Architectuur-schilderkunst is die afdeeling der schilderkunst, waarin kunstgewrochten van architectonischen aard zijn opgenomen.
Deze kunst is reeds oud, want men vindt ze reeds op Egyptische gebouwen en gedenkteekenen, op de muurschilderingen te Pompeji en Herculaneum en op Grieksche vazen. Zij verkreeg echter meer zelfstandigheid in de 16de en 17de eeuw, toen de wetten der perspectief met grootere naauwkeurigheid werden toegepast. Men kan de voortbrengselen der architectuur-schilderkunst in twee groepen verdeelen, namelijk in die der stukken van zuiver bouwkunstigen aard, die enkel gebouwen voorstellen, en in architectonische landschappen, waarin het gebouw wel is waar op den voorgrond staat, maar door eene voorstelling van het omringend landschap wordt opgeluisterd.
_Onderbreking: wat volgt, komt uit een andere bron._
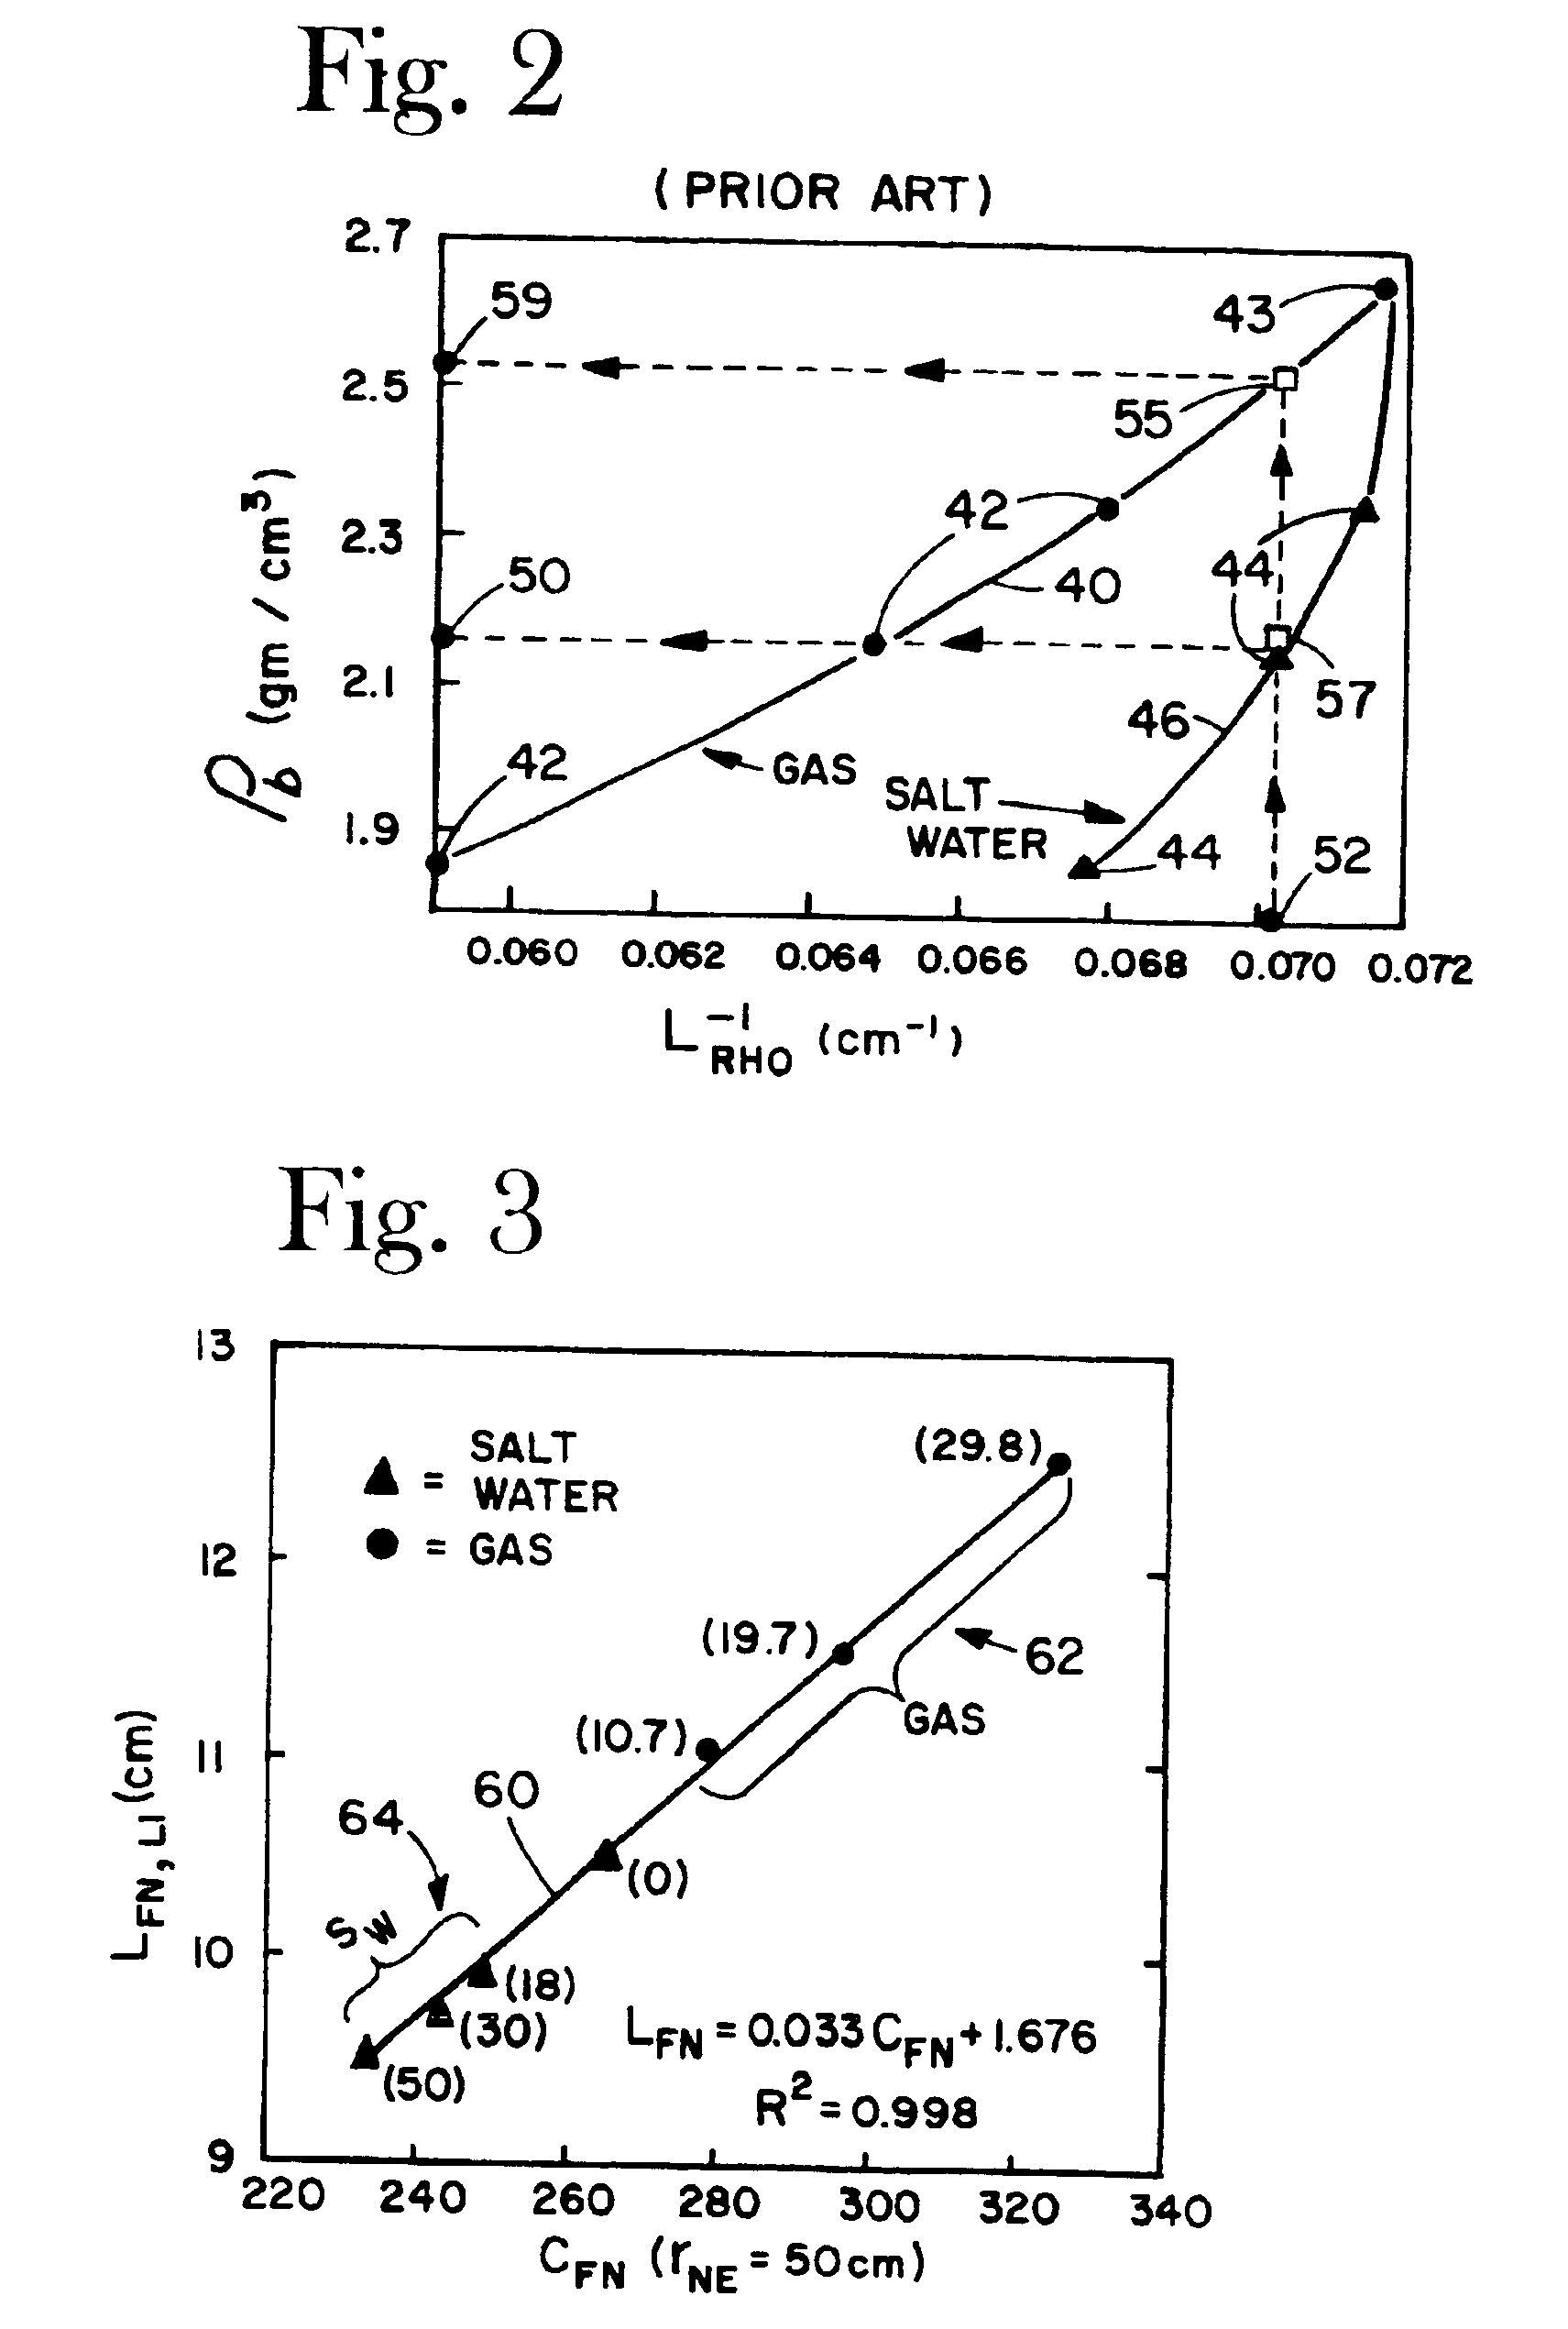 Apparatus and method for determining density, porosity and fluid saturation of formations penetrated by a borehole

Reeds in de 15de eeuw onderscheidde zich Benozzo Gozzoli als architectuur-schilder. Met eene weelderige verbeelding schilderde hij fraaije colonnades en sierlijke galerijen, meestal in Toscaanschen stijl. De schilderijen van Ghirlandajo kwamen veel meer overeen met de werkelijkheid. De Venetiaansche school schepte er behagen in, om de kerken en kapellen, waarvoor hunne schilderijen uit de gewijde geschiedenis bestemd waren, op den achtergrond dezer stukken te plaatsen. Paus Innocentius VIII deed Pintoricchio in Vlaamschen trant eene reeks van stadsgezigten schilderen. In dien tijd namelijk hadden reeds de gebroeders van Eyk het voorbeeld gegeven van eene zorgvuldige behandeling van het bijwerk, waartoe vooral huizen behoorden.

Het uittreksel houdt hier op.